Logistic Regression results

Classification report

# Logistic Regression pipeline and grid
lr_pipeline = Pipeline(steps=[
  ('preprocessor', preprocessor),
  ('classifier', LogisticRegression(random_state=42, max_iter=1000))
])

lr_param_grid = {
  'classifier__solver': ['liblinear'],
  'classifier__penalty': ['l1', 'l2'],
  'classifier__class_weight': [None, 'balanced']
}

lr_model = GridSearchCV(
  estimator=lr_pipeline,
  param_grid=lr_param_grid,
  cv=cv,
  scoring='accuracy',
  verbose=0
)

lr_model.fit(X_train, y_train)
y_pred_lr = lr_model.predict(X_test)
print(classification_report(y_test, y_pred_lr))

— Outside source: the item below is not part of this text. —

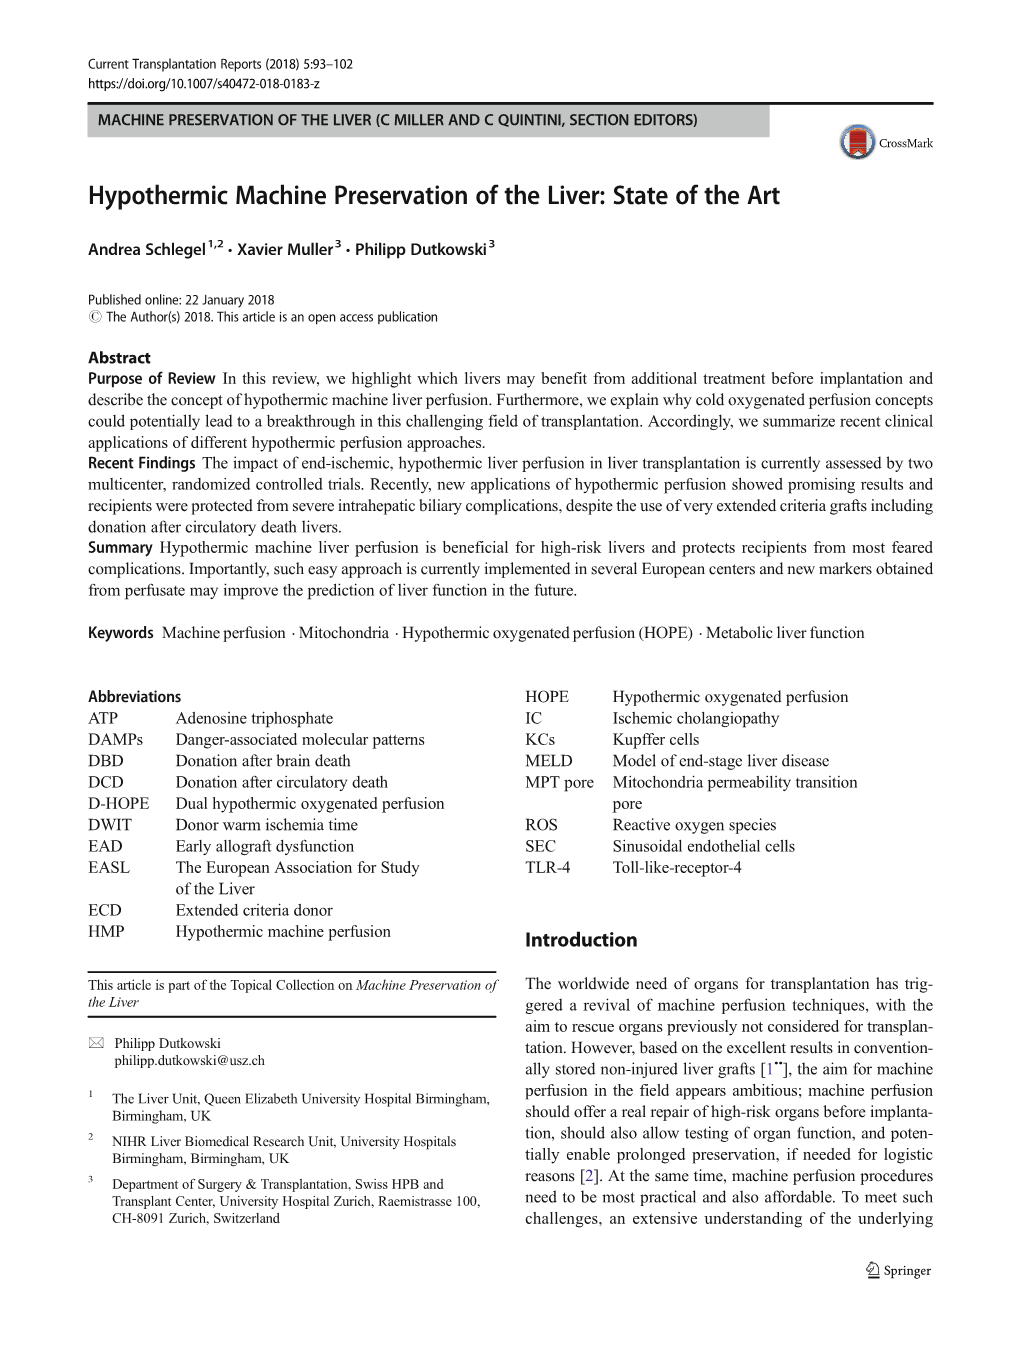 Hypothermic Machine Preservation of the Liver: State of the Art
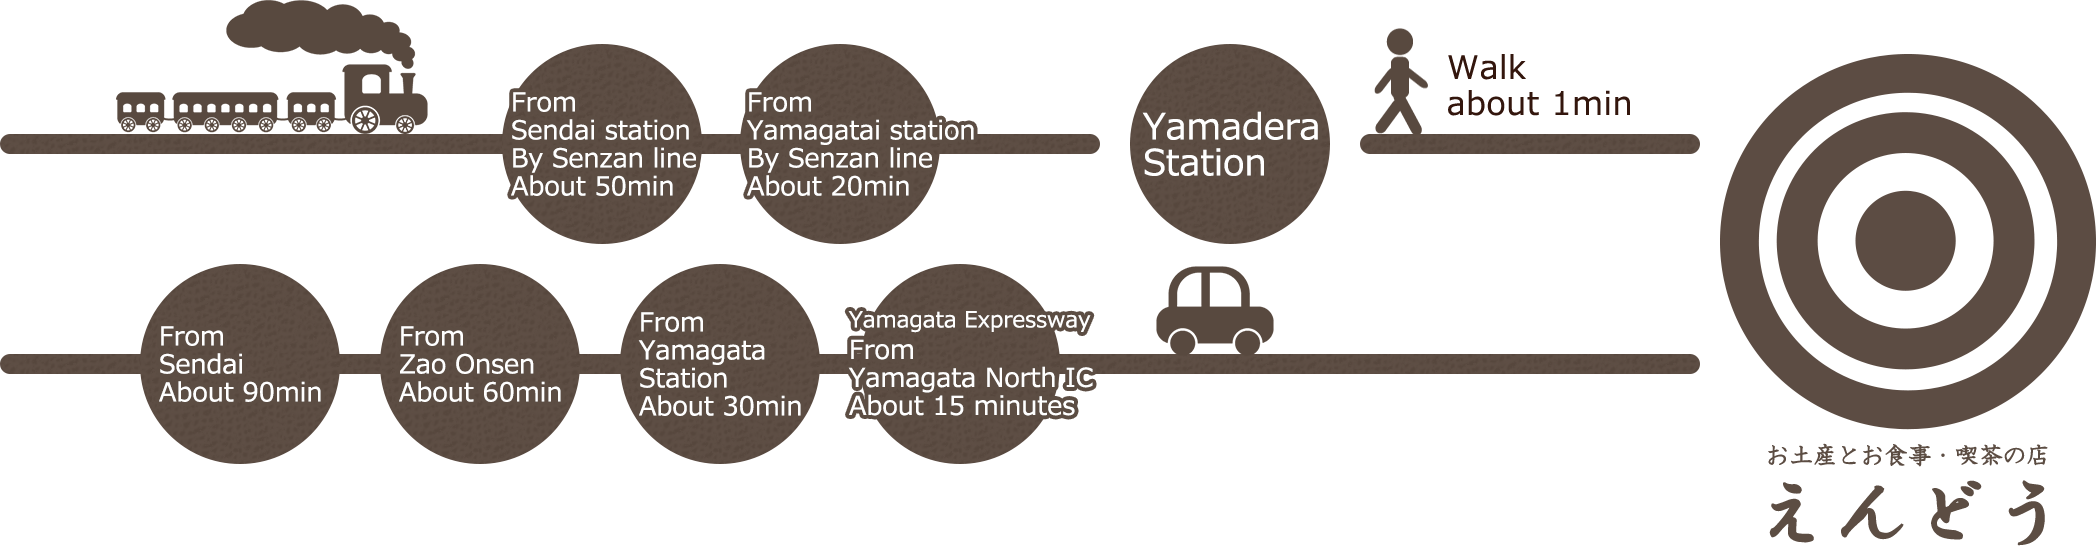 Walk 1minutes from YamaderaStation・From YamagataNorthIC About 15minutes

Logistic Regression Classification Report ### Confusion matrix

# Confusion matrix (LR)
conf_lr = confusion_matrix(y_test, y_pred_lr)
plt.figure(figsize=(4.5, 4))
sns.heatmap(conf_lr, annot=True, cmap='Blues', fmt='d')
plt.title('Logistic Regression Confusion Matrix')
plt.xlabel('Predicted')
plt.ylabel('Actual')
plt.tight_layout()
plt.show()

Logistic Regression Confusion Matrix ### Coefficient magnitudes

# Coefficient magnitudes (LR)
lr_best = lr_model.best_estimator_
coefficients = lr_best.named_steps['classifier'].coef_[0]
ohe_feature_names_lr = lr_best.named_steps['preprocessor'] \
  .named_transformers_['cat'] \
  .named_steps['onehot'] \
  .get_feature_names_out(categorical_features)
feature_names_lr = numerical_features + list(ohe_feature_names_lr)

coef_df = pd.DataFrame({'Feature': feature_names_lr, 'Coefficient': coefficients}) \
  .sort_values(by='Coefficient', key=lambda s: s.abs(), ascending=False)

top_n = min(25, len(coef_df))
plt.figure(figsize=(10, 8))
plt.barh(coef_df['Feature'].head(top_n)[::-1], coef_df['Coefficient'].abs().head(top_n)[::-1], color='salmon')
plt.title(f'Logistic Regression Coefficient Magnitudes — Test Acc: {lr_model.score(X_test, y_test):.2%}')
plt.xlabel('Absolute Coefficient')
plt.tight_layout()
plt.show()

Logistic Regression Coefficient Magnitudes Notes: - Coefficients reflect the linear contribution (after preprocessing). - Magnitudes are not directly comparable to tree-based importances, but provide directionality.

Comparison and takeaways

  • Both models achieve comparable accuracy on this dataset.
  • Differences in feature rankings suggest correlated variables and overlapping information (e.g., sex, who_*, age).
  • Next steps: refine features, consider interaction terms, calibrate probabilities, and explore additional models.